Entries provided:
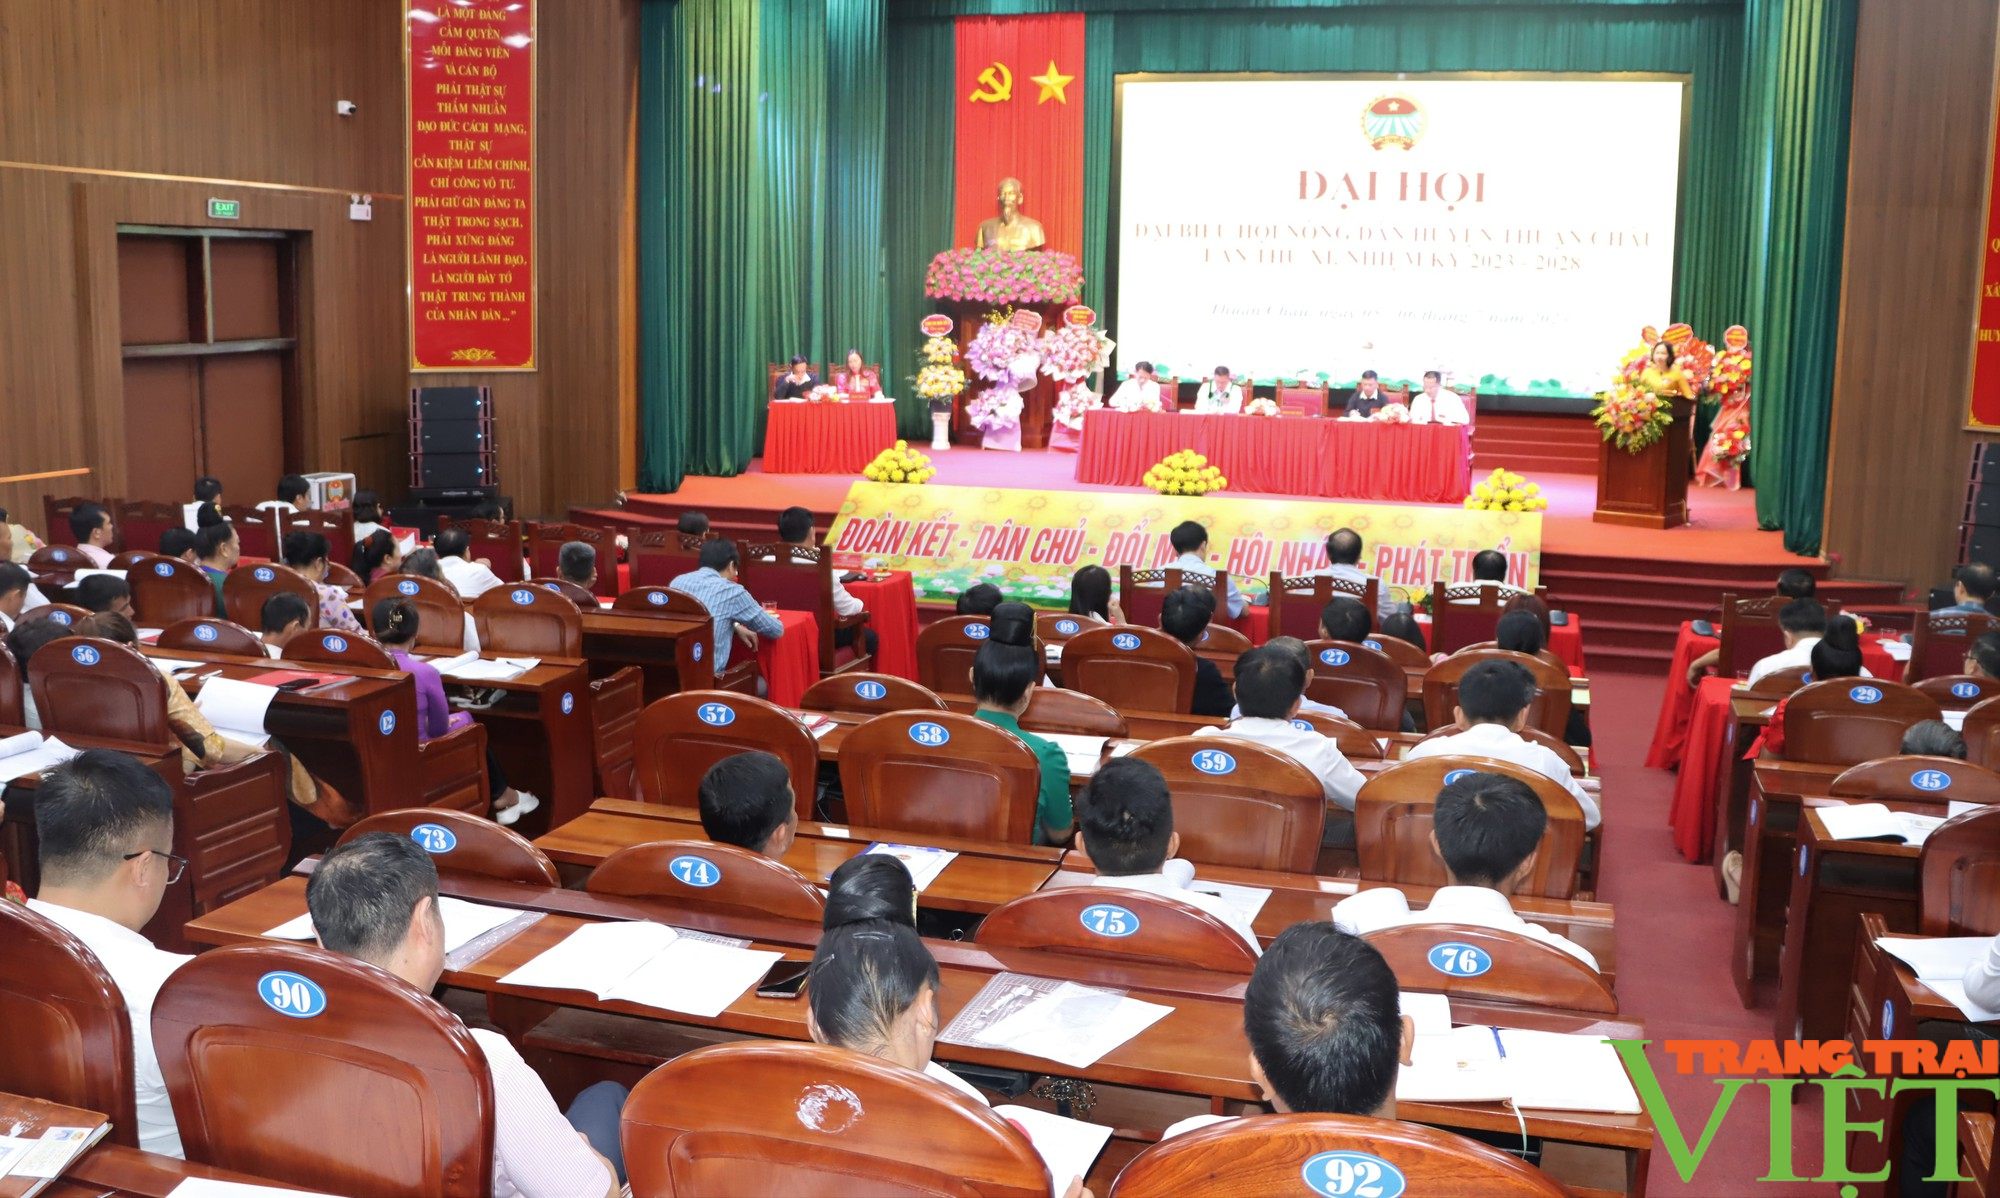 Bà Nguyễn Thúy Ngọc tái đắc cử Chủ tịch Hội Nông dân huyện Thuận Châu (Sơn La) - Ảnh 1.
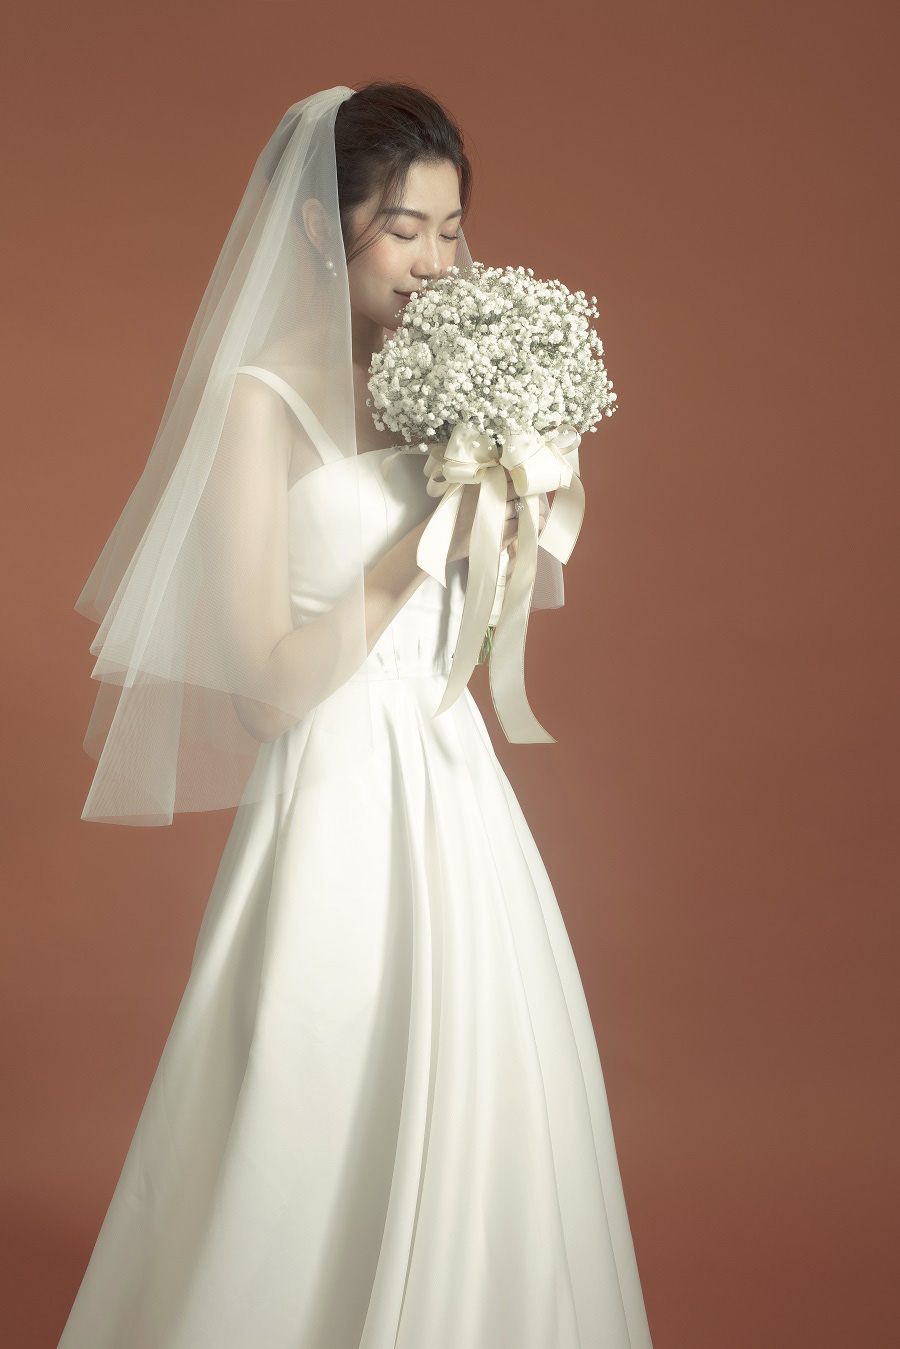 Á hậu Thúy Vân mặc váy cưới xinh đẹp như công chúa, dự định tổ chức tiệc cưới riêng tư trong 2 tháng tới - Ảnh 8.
* * *
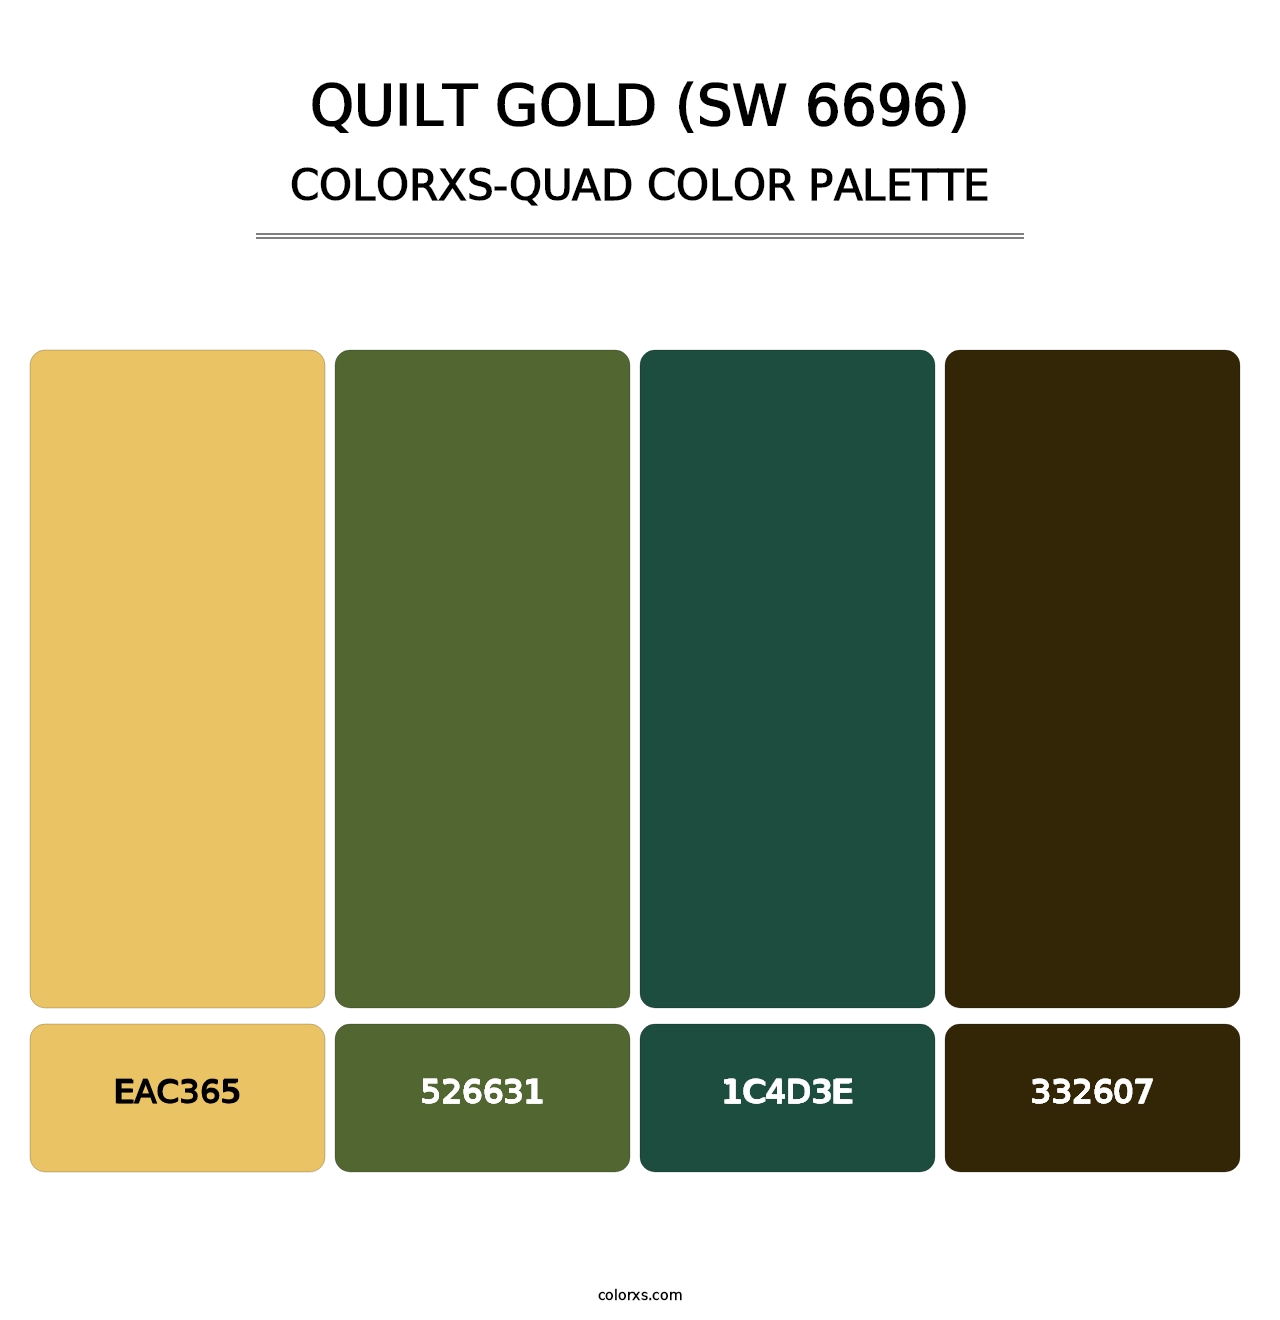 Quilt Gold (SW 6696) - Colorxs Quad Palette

Your instructions:
For this exercise, return exactly the lines above from the line with "Bà Nguyễn Thúy" through the line with "Á hậu Thúy Vân", both included. Do not copy the pictures.

Result:
 Bà Nguyễn Thúy Ngọc tái đắc cử Chủ tịch Hội Nông dân huyện Thuận Châu (Sơn La) - Ảnh 1.
 Á hậu Thúy Vân mặc váy cưới xinh đẹp như công chúa, dự định tổ chức tiệc cưới riêng tư trong 2 tháng tới - Ảnh 8.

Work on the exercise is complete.